Inhibitors,research,lifescience,medical chronically treated patients prescribed either ‘prolactin-elevating’ COX inhibitor in vivo agents (e.g. risperidone or first-generation antipsychotics) to ‘prolactin-sparing’ agents (e.g. other second- generation antipsychotics with lower risks of prolactin elevation), or in smaller prospective studies examining change in bone density over the course of year in chronically treated patients [Baastrup et al. 1980; Halbreich et al. 1995; Abraham et al. 2003a; Abraham et al. 2003b; Meaney et al. 2004; Howes Inhibitors,research,lifescience,medical et al. 2005]. These data indicate that antipsychotic effects on BMD are often, but not always, [Howes et al. 2005] likely to be observed after chronic treatment.
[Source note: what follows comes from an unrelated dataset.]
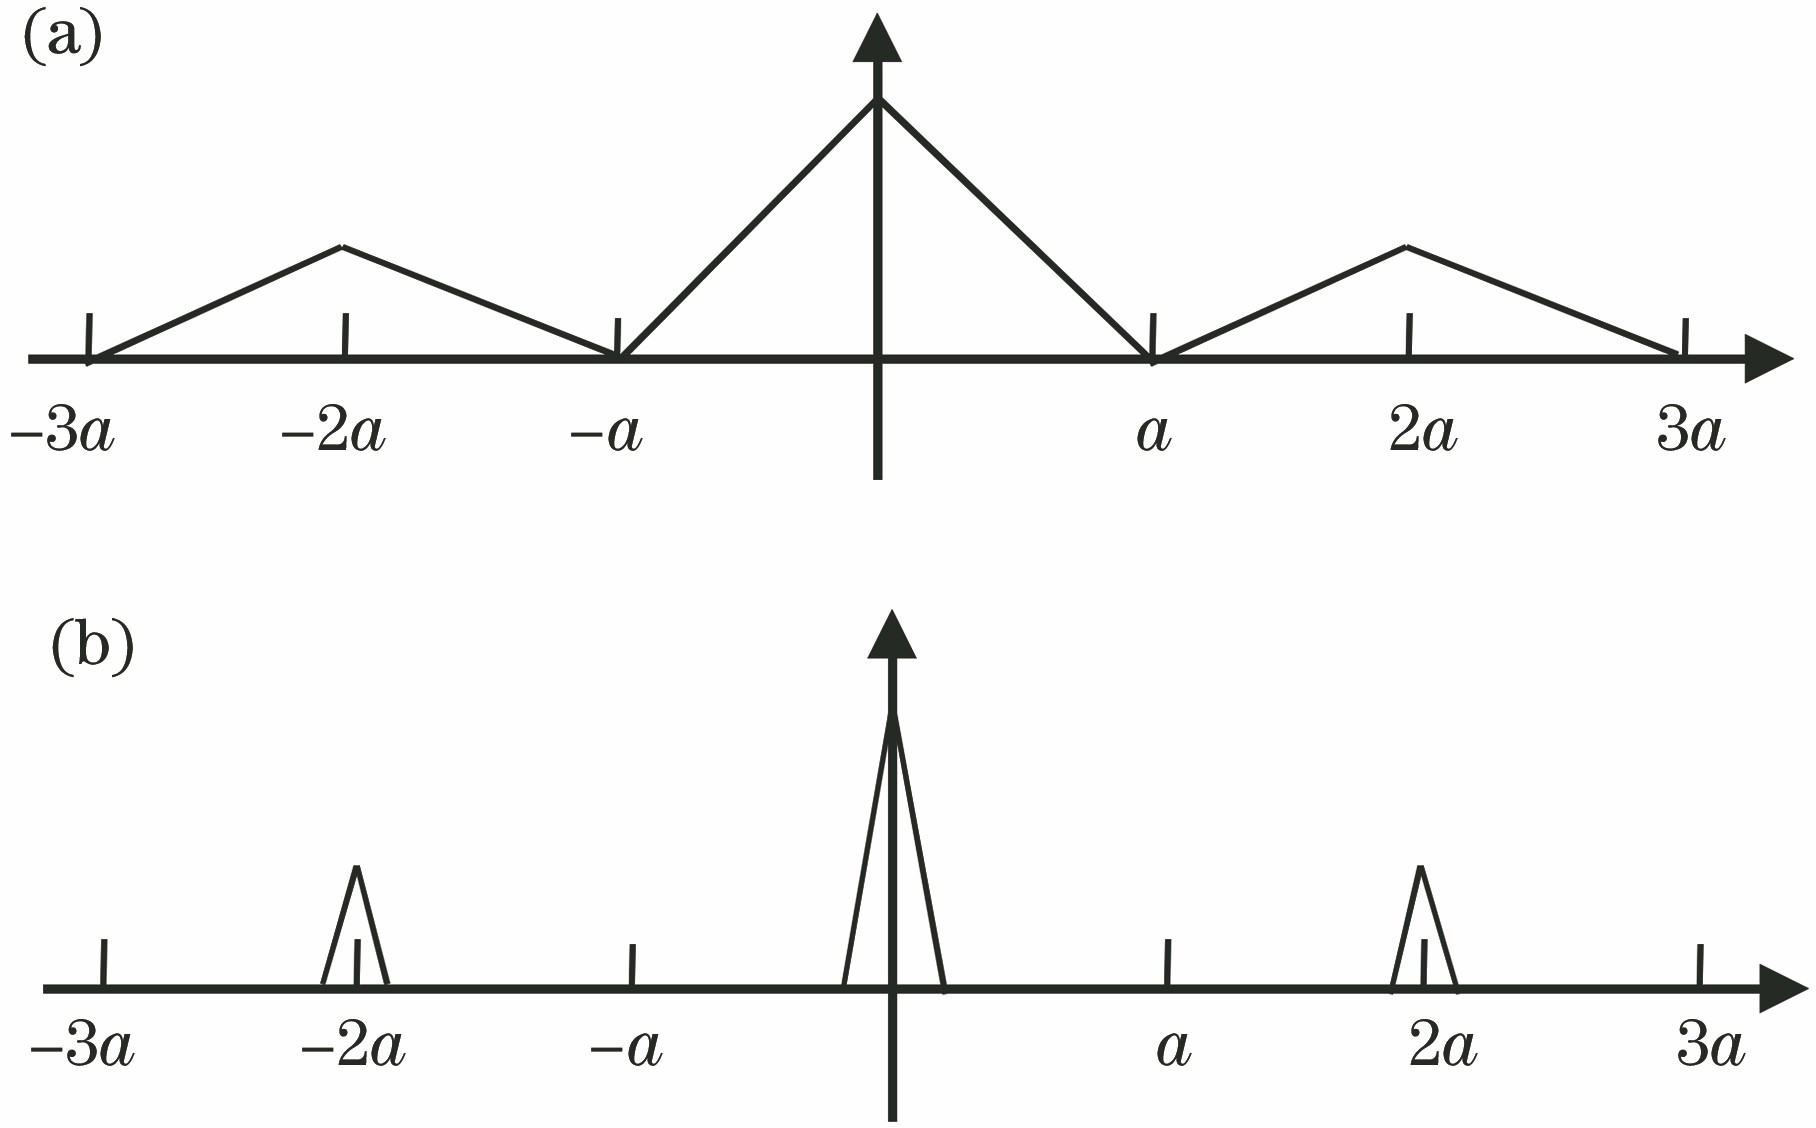 Distribution of the correlation peaksof different JTC methods. (a) Conventional JTC; (b) BJTC

Furthermore, there is some preliminary indication that changes in bone metabolism Inhibitors,research,lifescience,medical may occur as early as 6 months after the initiation of therapy [Abraham et al. 2003b; Meaney and O’Keane, 2007]. No investigations to date have studied acute changes (<3 months) in bone turnover in patients with minimal prior antipsychotic exposure. Identifying and characterizing whether changes in bone metabolism occur early in treatment may help us better understand how Inhibitors,research,lifescience,medical and if antipsychotics acutely influence bone physiology. The potential relationship

between antipsychotic treatments and osteoporosis-related outcomes is difficult to assess in patients with chronic psychosis due to known confounding prior medication treatments. Therefore, the investigation of this relationship in relatively healthy patients, early in the course of illness, with minimal prior exposure to antipsychotic agents would be informative. over In this study we assessed hormone and selected bone metabolism measures during the first 4 weeks of risperidone treatment in patients who were antipsychotic free before the study, the majority of whom had little or no prior lifetime antipsychotic exposure and were receiving their first treatment for psychosis. We tested the hypothesis that markers of bone resorption and bone formation are associated with risperidone-associated prolactin elevation.